Obviously, knowingly using words like spastic is disablist but I think it's both more widespread and more forgivable than racism or homophobia. For 2 reasons:

  1. It's a newer offence. There are far more people around who either don't know the origins of disablist terms or do know them but grew up with them so much that they slip out sometimes.

  2. A lot of the words that can cause offense genuinely do have dual meanings - either medical ones in the case of physical disabilities and emotional/behavioural ones in the case of mental disability/illness. This isn't the case with racist or homophobic slurs; there's no ambiguity that those are definitely wrong. If I call someone a puffter, faggot, nigger, paki etc I am very definitely using vile and unacceptable language towards them. But if I say that I'm going mental, freaking out, having a meltdown, brainstorming some ideas etc then there is no suggestion of intended offence. Many words like that were used in the non ill/disabled context first so I wouldn't even say it was wrong to use them (brainstom and meltdown being good examples of words I have recently been told are offensive but, in my mind, very clearly aren't). That grey area means that clear disablist terms like spaz and mong end up being explained away too. Which is wrong but I don't know how quickly things will change.

VinoTime · 18/05/2016 01:47

So you're shunning a woman who was expressing how difficult she's finding her life atm with her SN child, because she made one verbal slip? Lovely.

Yes, I agree. I don't like the word. It's unpleasant and offensive. But it is entirely possible that this poor woman was using the word in a relevant medical context to describe how her sons body reacts during a meltdown. Maybe she comes from a part of the world where using that word isn't as 'frowned upon'. Maybe she's grown up with it being an acceptable word to use to describe a meltdown. She obviously didn't mean to cause offense by saying it, or she wouldn't have said it to a bunch of SN parents who would find it incredibly insensitive.

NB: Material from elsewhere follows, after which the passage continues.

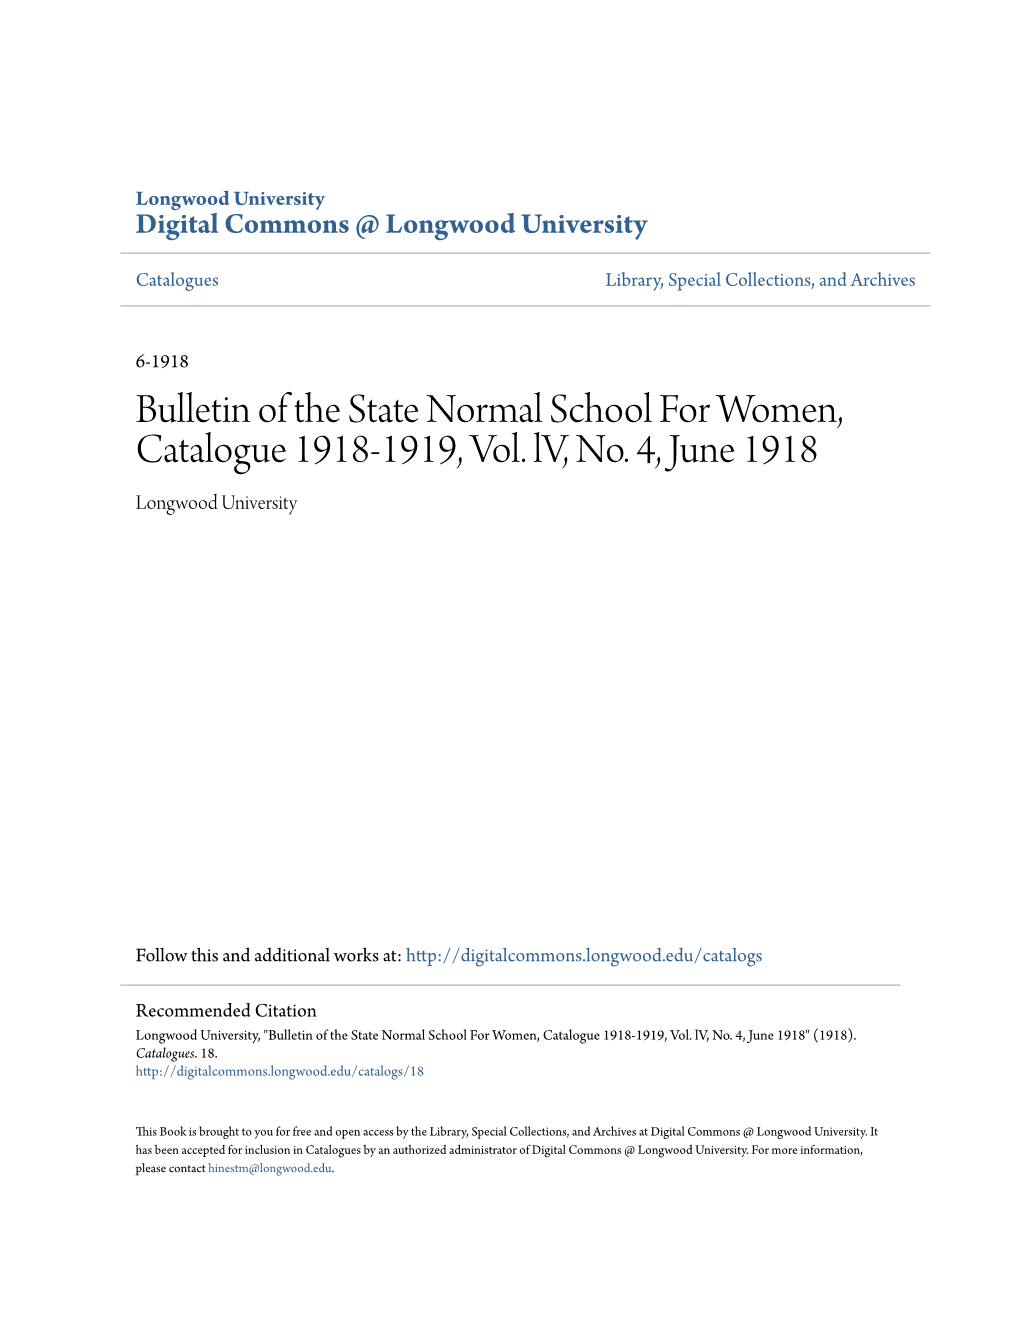 Bulletin of the State Normal School for Women, Catalogue 1918-1919, Vol

The fact of the matter is you don't know what the deal is because you're all acting like the cast of Mean Girls and shutting her out.

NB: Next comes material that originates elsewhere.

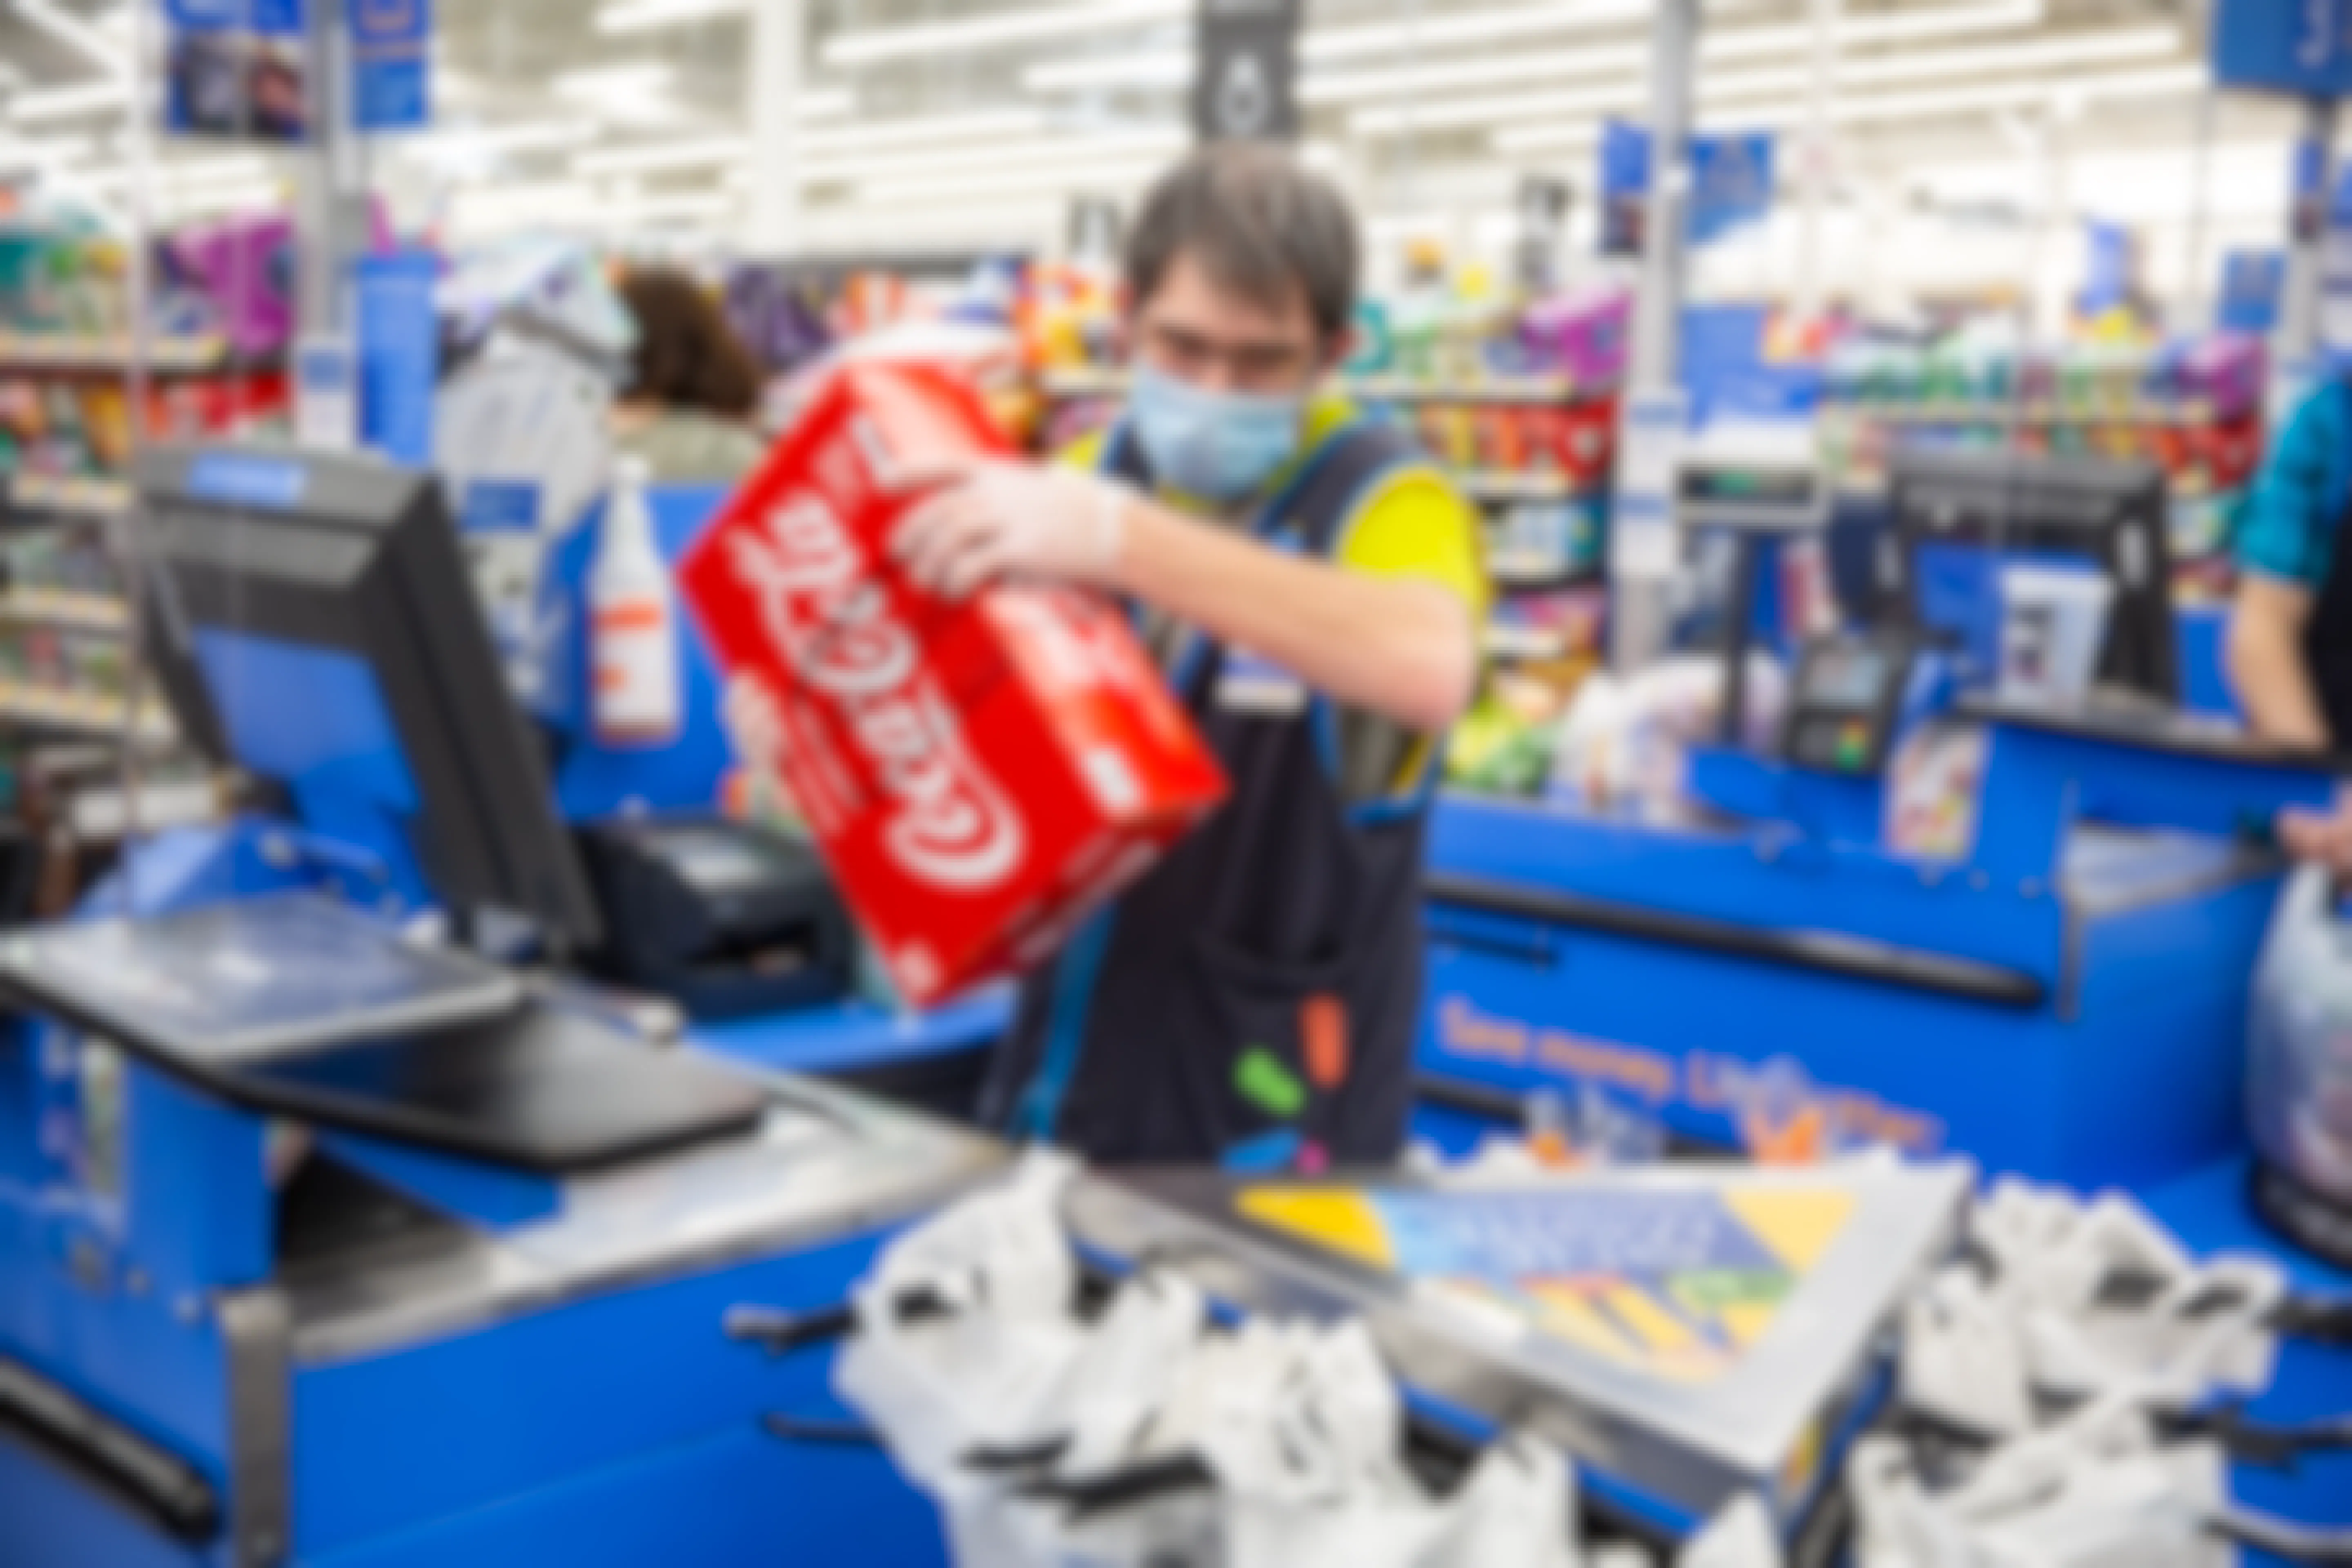 Walmart Employee wearing a mask and gloves ringing up a case of Coke at checkout.

This woman made a very, very small mistake. Pull on your big girl panties and gently tell her that you find the word offensive and would appreciate it if she didn't use it in the future. Be a grown up and stop acting like a bunch of school yard bullies.

Jeez-oh. I feel really sorry for her!

murmuration · 18/05/2016 06:49

Wait, brainstorm is offensive? I thought that was some kind of business-speak. I suppose it refers to epilepsy? I thought it was used in a positive manner, brainstorming session for great ideas and so on. I've never heard it used negatively, but is the whole point to not co-opt a disease for any other use?

zzzzz, are you American or Canadian? I would be very interested to hear what an American or Canadian disabled person's opinion is. I'm American and I had never heard it as an insult - I'd never really heard spastic at all, but we used 'spaz' to imply fun and dancy. That's probably why I thought it had something to do with jazz. You'd apply it to yourself, and you would be in no way meaning to insult someone by applying it to them - more the opposite, implying they were a fun person to be around. But I suppose it could be like the brainstorm thing, and just not on to co-opt a word for even a positive connotation?

And while on the topic of cultural differences, I've seen 'going postal' used here and among other British groups that I typically think of reasonably socially conscious. Does the average Brit know what that term refers to? As an American who lived through the events in question I find it in rather poor taste, although understand it is in reasonably common parlance.